DATA EXTRACT →
---------------

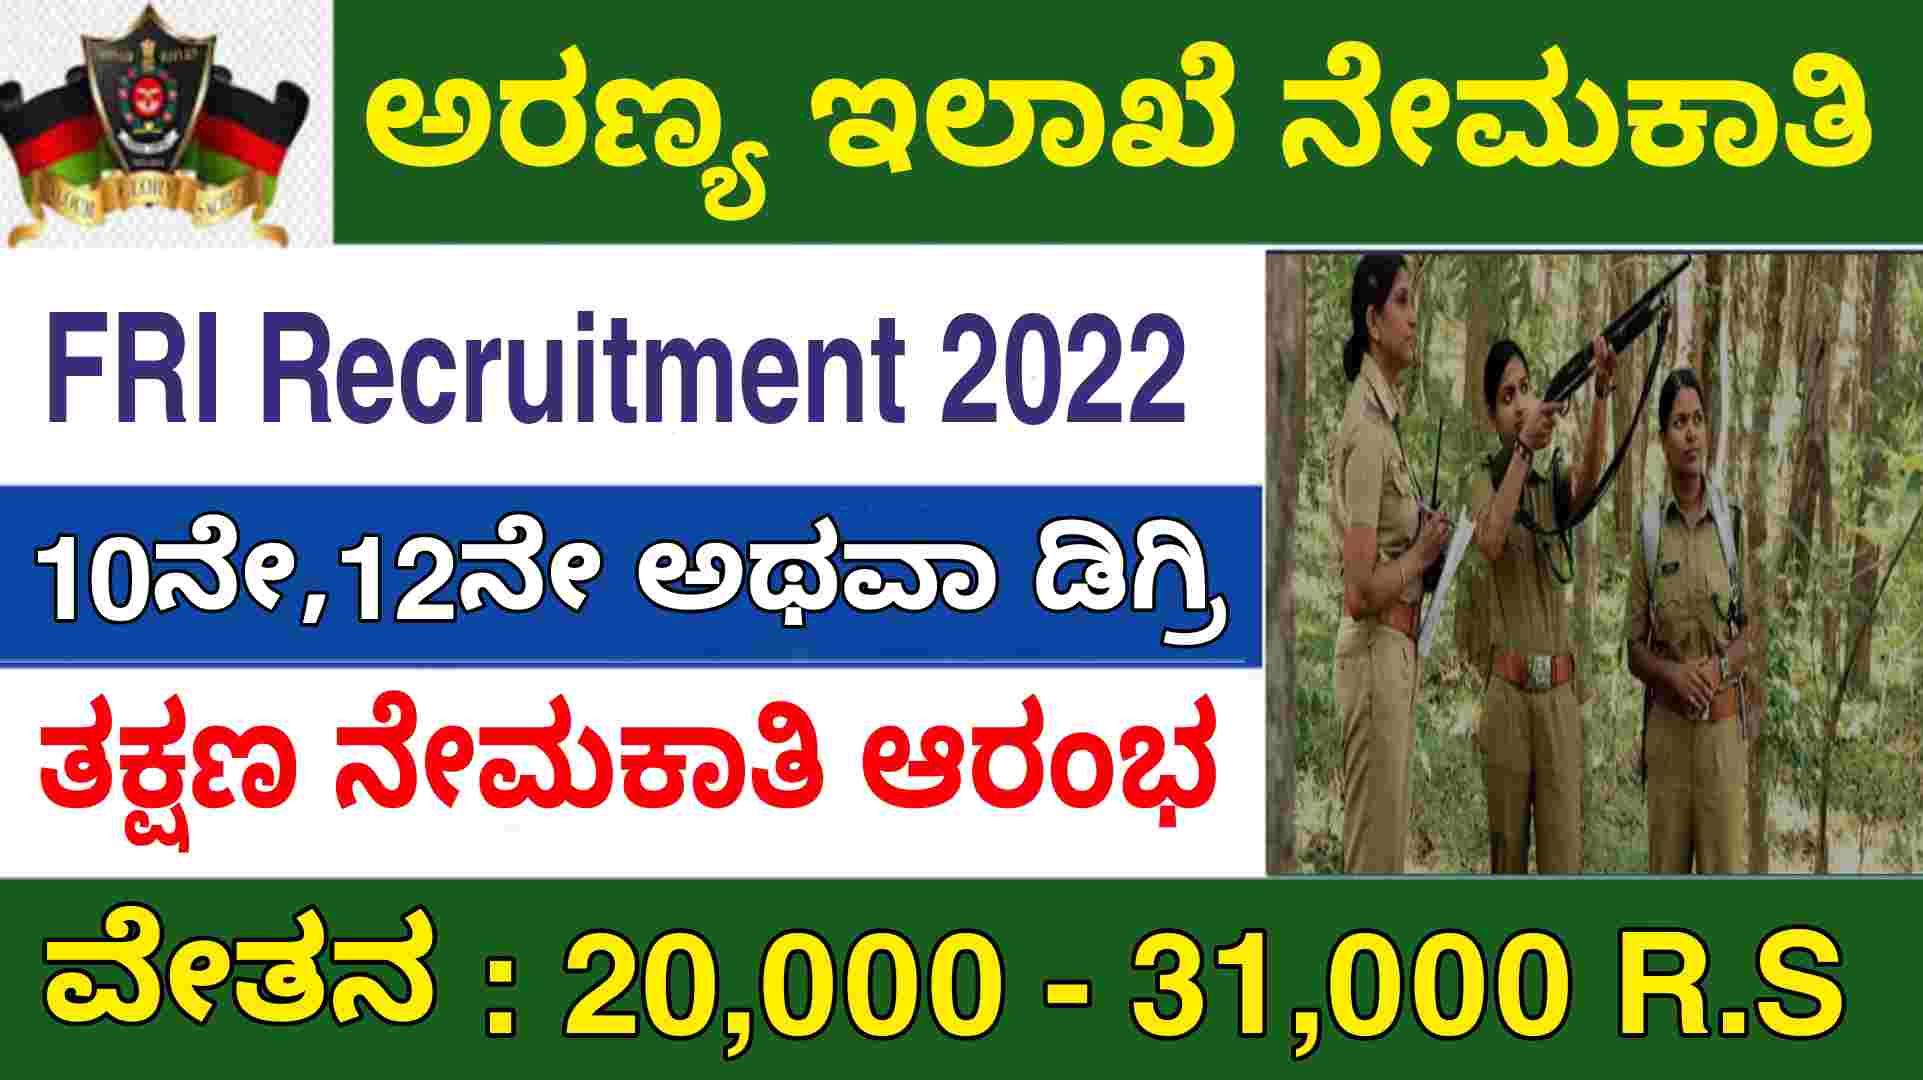 ಅರಣ್ಯ ಇಲಾಖೆ ನೇಮಕಾತಿ FRI Recruitment 2022 | Best govt jobs
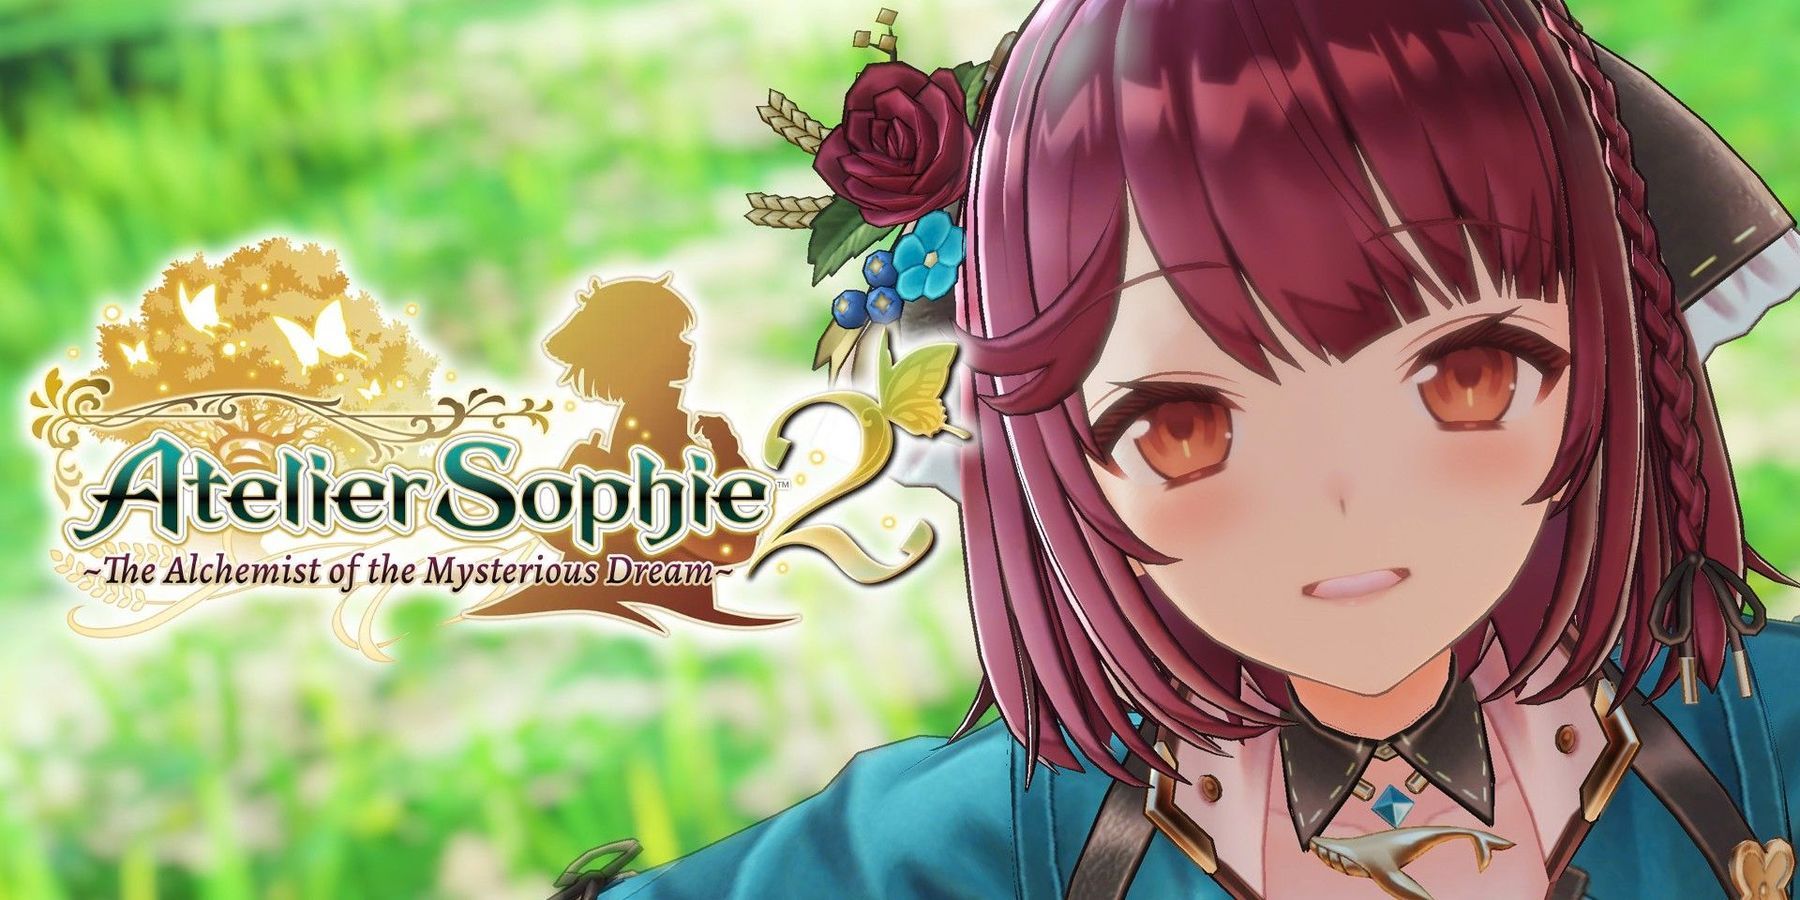 Το Atelier Sophie 2 ανακοινώθηκε επίσημα από την Koei Tecmo με κυκλοφορία τον Φεβρουάριο του 2022
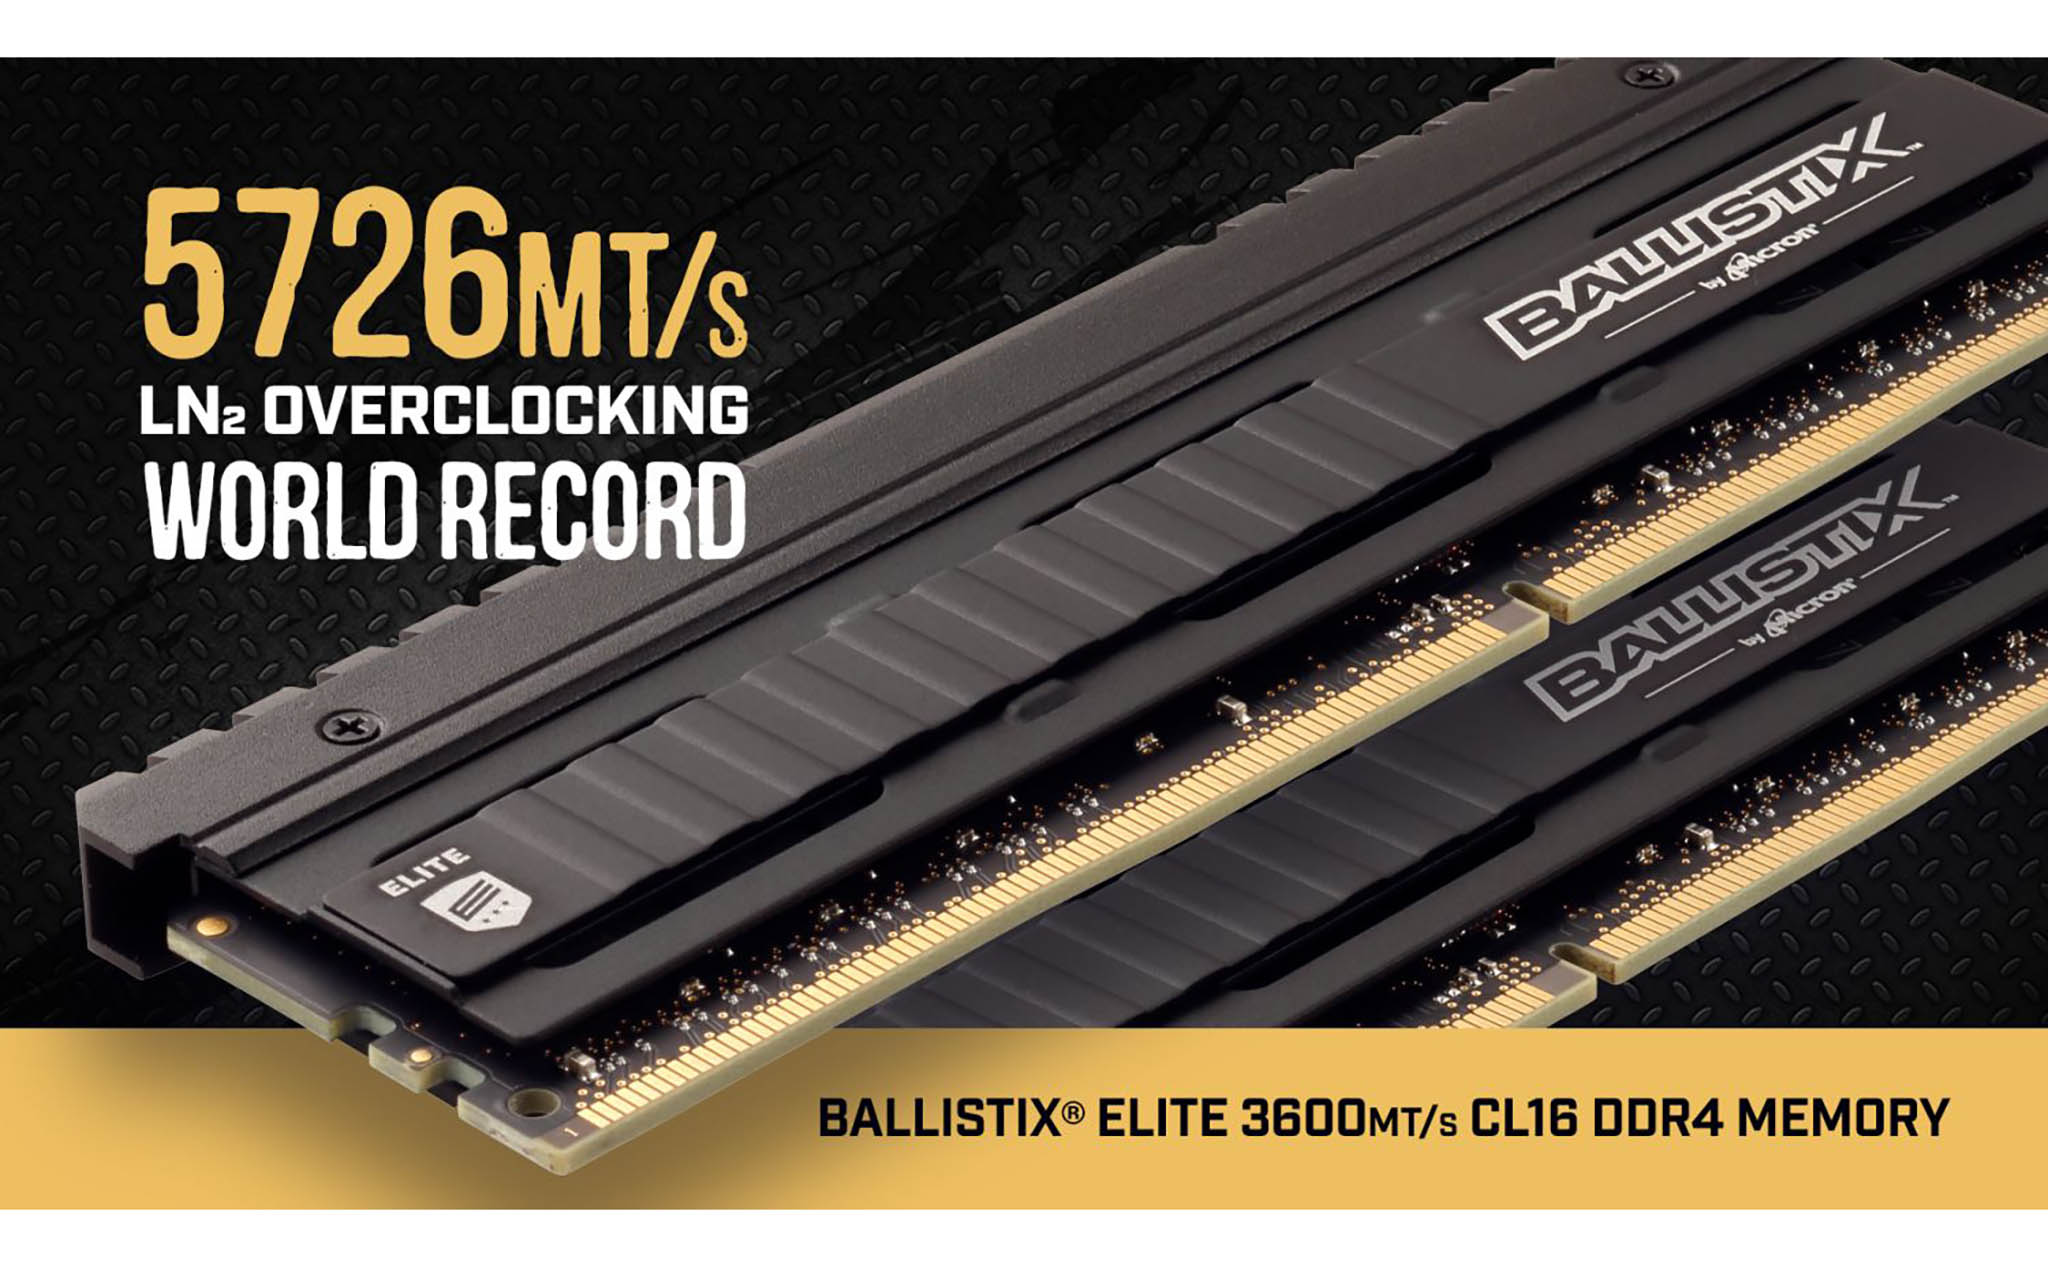 Ballistix Elite DDR4-3600 phá kỷ lục ép xung RAM với 5726 MHz, đế chip Micron E-die

---------------

WORK ITEM → Everything from the line containing "Το Atelier Sophie" through the final line of the material must be set down exactly, except the pictures.

YOUR RESPONSE →
 Το Atelier Sophie 2 ανακοινώθηκε επίσημα από την Koei Tecmo με κυκλοφορία τον Φεβρουάριο του 2022
 Ballistix Elite DDR4-3600 phá kỷ lục ép xung RAM với 5726 MHz, đế chip Micron E-die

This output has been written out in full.